Tricep Pushdowns vs Skull Crushers (The Triceps Showdown)


Tricep Pushdowns vs Skull Crushers

If you’re looking to build bigger, stronger arms, Tricep Pushdowns and Skull Crushers are two exercises that you should definitely consider adding to your workout routine.

Both of these exercises target the triceps, Tricep Pushdowns and Skull Crushers actually have some key differences that make them suitable for different goals and training styles.

In this article, I’m going to deep dive into how to execute both of these exercises including the benefits of both. I’ll also compare both triceps movements side-by-side to help you be able to decide which one might be best for your preferences and training goals.


Cable Triceps Pushdowns


Triceps Pushdown

Equipment Needed

  • Cable Machine
  • Cable Attachment of your choice (V-Bar, Straight Bar, Rope, etc)

Muscles Worked

Triceps Pushdowns work all three heads of the Triceps muscle as well as the Anconeus (the muscle that wraps down across the elbow)

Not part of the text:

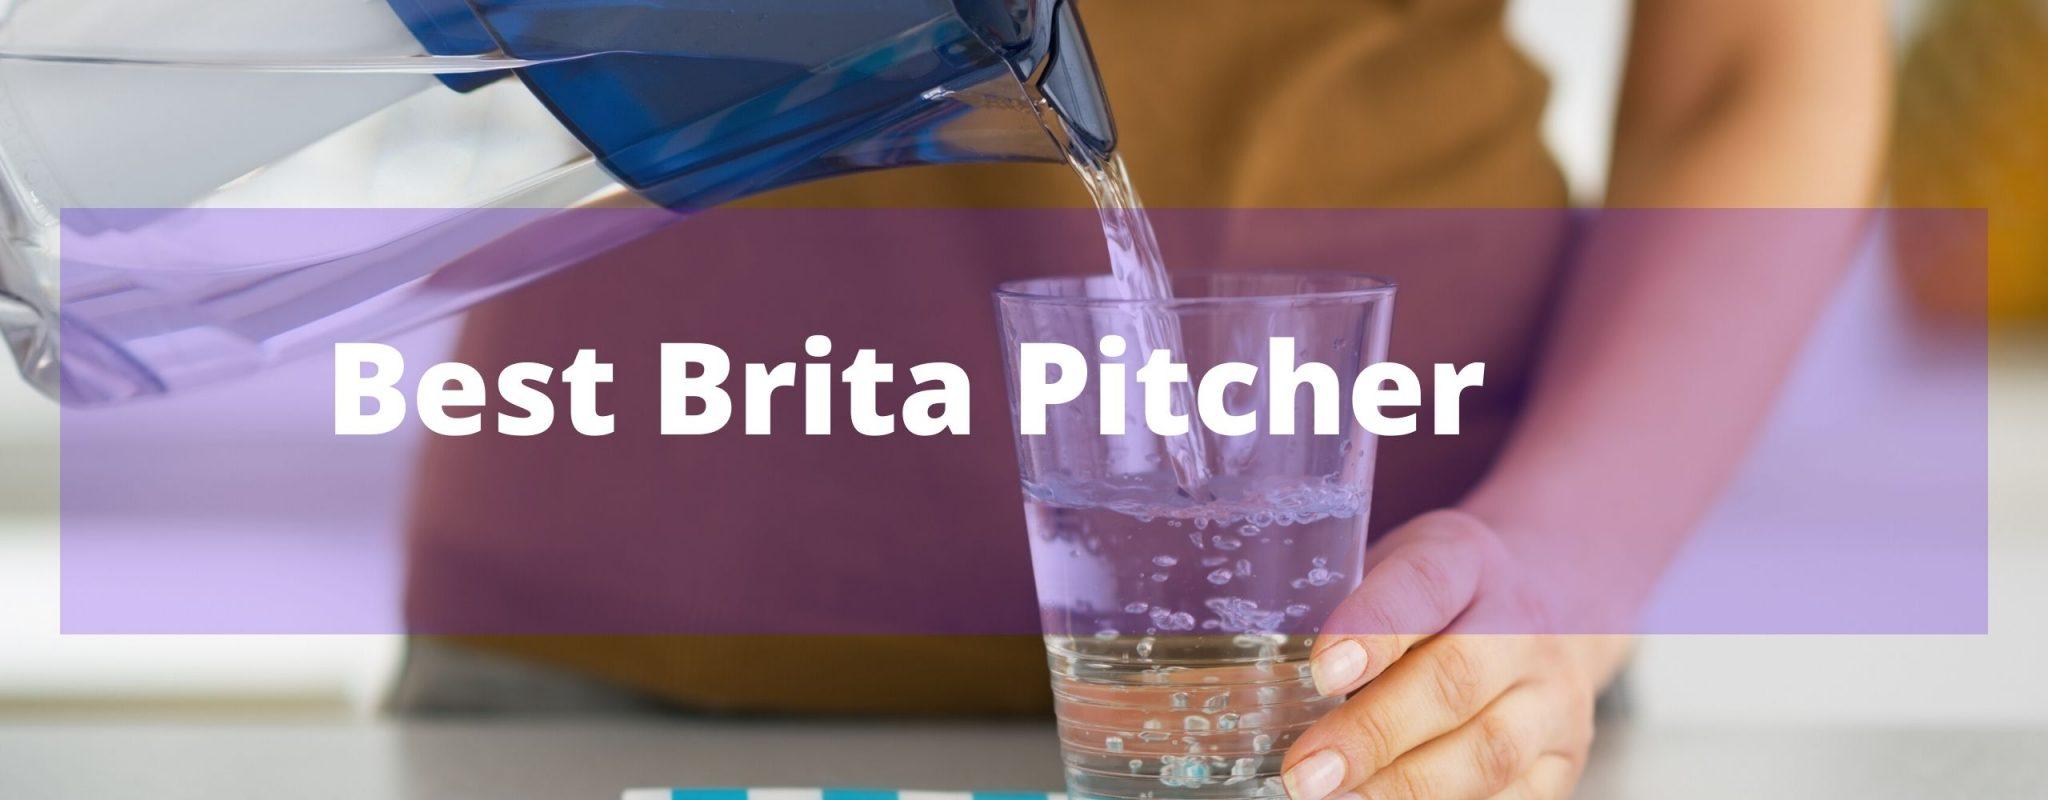 Best Brita Water Filter Pitcher

  • Triceps Brachii lateral head
  • Triceps brachii long head
  • Triceps brachii medial head
  • Anconeus

Pro Tip: Using a Rope will emphasize the lateral head of the triceps and using an underhand grip on a straight bar will emphasize the medial head of the triceps.

Step-by-Step Instructions

  • Step up a cable machine by sliding the pin all the way to the top of the beam.
  • Attach the rack attachment of your choice.
  • Grab the attachment and pull the attachment down until your elbows are next to your sides (arms should still be bent).
  • Now, extend the arms down by flexing the triceps and driving the attachment toward the floor.
  • Squeeze the triceps at full extension for one second and then slowly allow the attachment to raise back to the starting position.
  • Keep elbows tucked into the sides throughout the movement.

Coaching Points

Do not swing and use momentum at the top of the movement in an attempt to use more weight. Stay in control of the weight at all times and use proper form.

If using a heavy weight, you can lean slightly forward at the waist to give yourself more stability and to help keep yourself anchored to the floor.

Don’t have a cable machine? Here are 10 Triceps Pushdown alternatives that don’t need a machine.

Benefits of Triceps Pushdowns

Tricep Pushdowns allow for a greater range of motion compared to some other tricep exercises, such as Dips or Close Grip Bench Press. This can lead to a more thorough muscle contraction and ultimately better muscle growth.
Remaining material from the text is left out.